Posted by fidest press agency su giovedì, 18 giugno 2009

Il virus dell’epatite Delta (Hdv) è un’importante ‘spia’ del rischio di cirrosi e cancro fegato (carcinoma epatocellulare). Non solo. La replicazione persistente del virus, altamente patogeno e che necessita della presenza del virus dell’epatite B per la trasmissione e la ‘riproduzione’ , rappresenta l’unico fattore in grado di predire la mortalità legata alla malattia di fegato. Lo dimostra uno studio italiano pubblicato su ‘Gastroenterology’, condotto da Raffaella Romeo e dai ricercatori dell’Unità operativa di Gastroenterologia 1 della Fondazione Policlinico di Milano, coordinati da Massimo Colombo. La ricerca, su un campione di 299 pazienti con epatite Delta, 230 dei quali maschi, arruolati a un’età media di 30 anni e seguiti per circa 28 anni nell’ambulatorio del Policlinico, ha dimostrato che la comparsa di cirrosi epatica si verificava con un tasso di incidenza annua del 4%, mentre i tassi di incidenza per lo scompenso epatico e lo sviluppo di carcinoma epatocellulare erano rispettivamente 2,7% e 2,8%. La ricerca, dunque, dimostra che l’epatite cronica da virus Delta è caratterizzata da un lungo decorso, e da una discreta probabilità di evoluzione in cirrosi epatica. L’analisi dei dati ha dimostrato, inoltre, che la persistente replicazione del virus Delta era associata allo sviluppo della cirrosi e alla comparsa di problemi più gravi come lo scompenso, lo sviluppo del tumore e la morte. Durante lo studio, inoltre, i ricercatori si sono resi conto che l’epatite Delta, dopo un decennio di apparente declino, è cresciuta nei portatori di virus dell’epatite B. Questo nonostante l’introduzione della vaccinazione obbligatoria contro il virus B con il quale il virus Delta condivide le modalità di trasmissione, cioè per contatto con liquidi biologici.

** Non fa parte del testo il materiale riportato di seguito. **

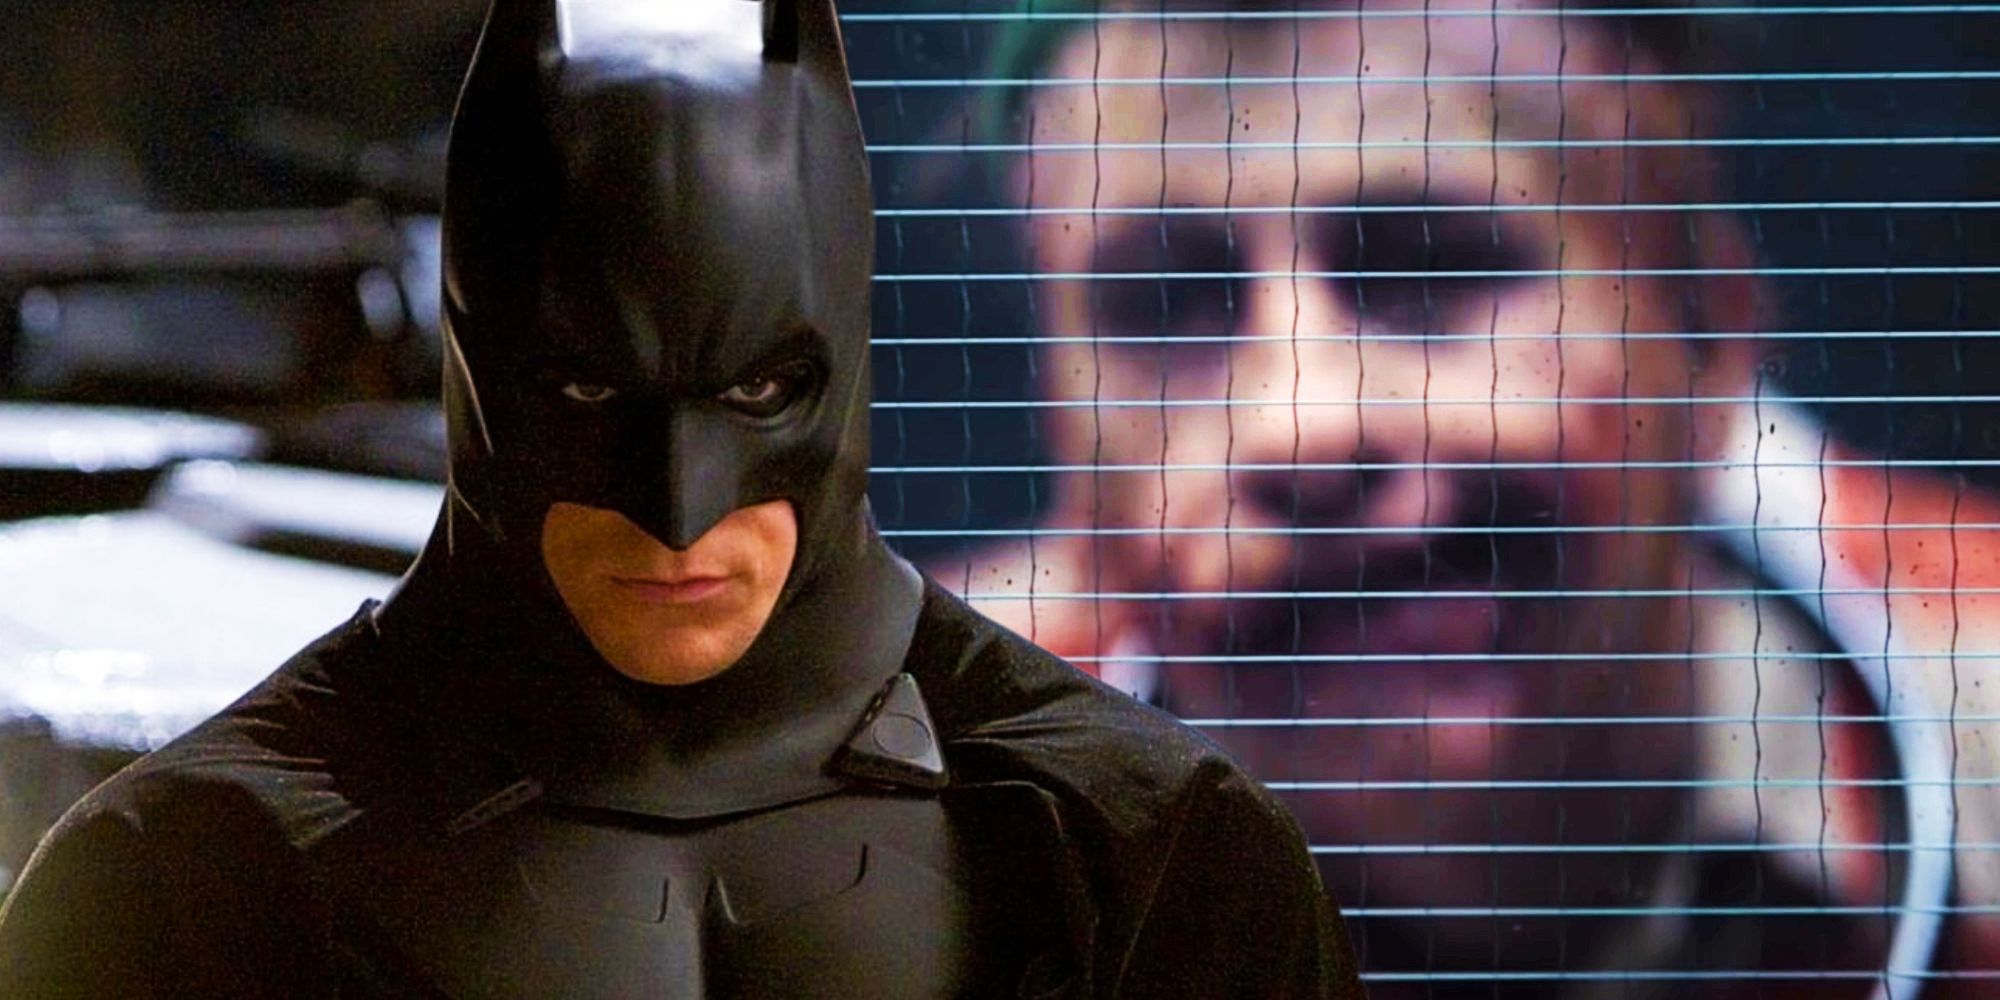 Christian Bale as Batman in Batman Begins and Barry Keoghan as the Joker in The Batman's deleted scene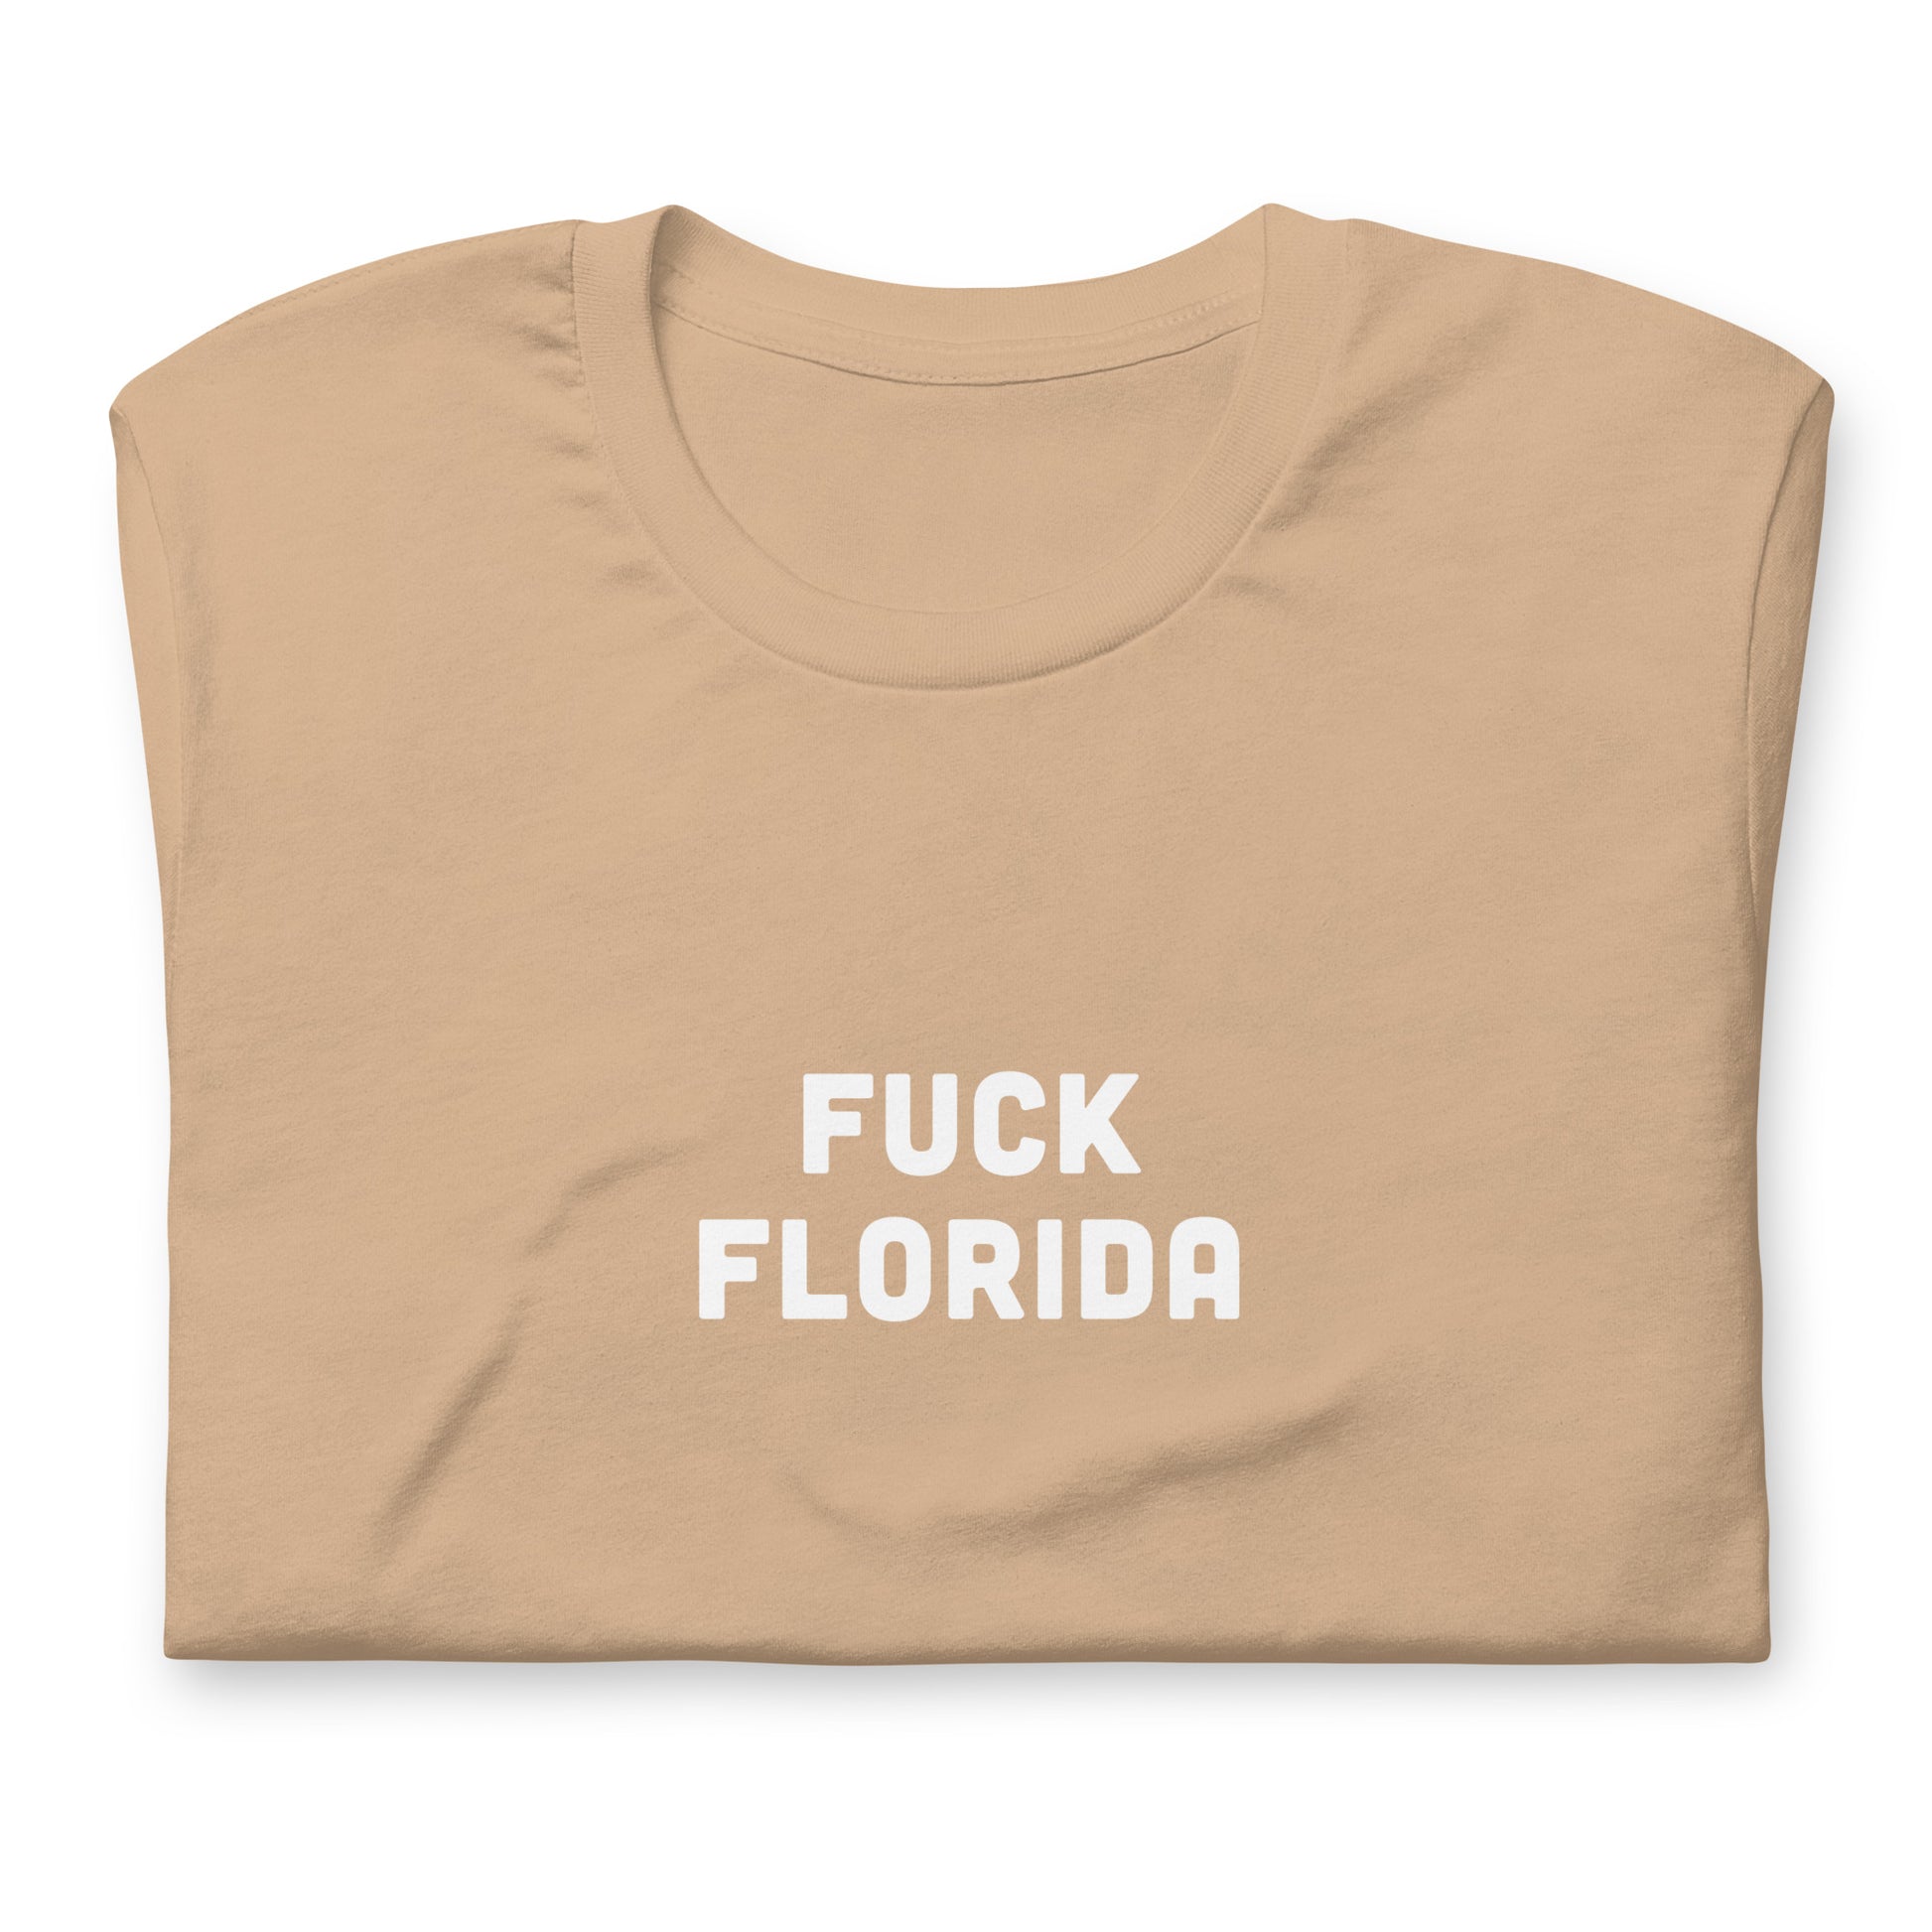 Fuck Florida T-Shirt Size 2XL Color Forest

Questi dati, secondo i ricercatori, suggeriscono la necessità di una maggiore attenzione alle persone con epatite B, che possono essere colpiti dal virus Delta. In particolare sarebbe opportuno, suggeriscono, verificare la copresenza del virus Delta in caso di ogni nuova infezione da virus B o in caso di vecchie infezioni B che mostrino una recrudescenza, e attuare, nel caso, la terapia adeguata.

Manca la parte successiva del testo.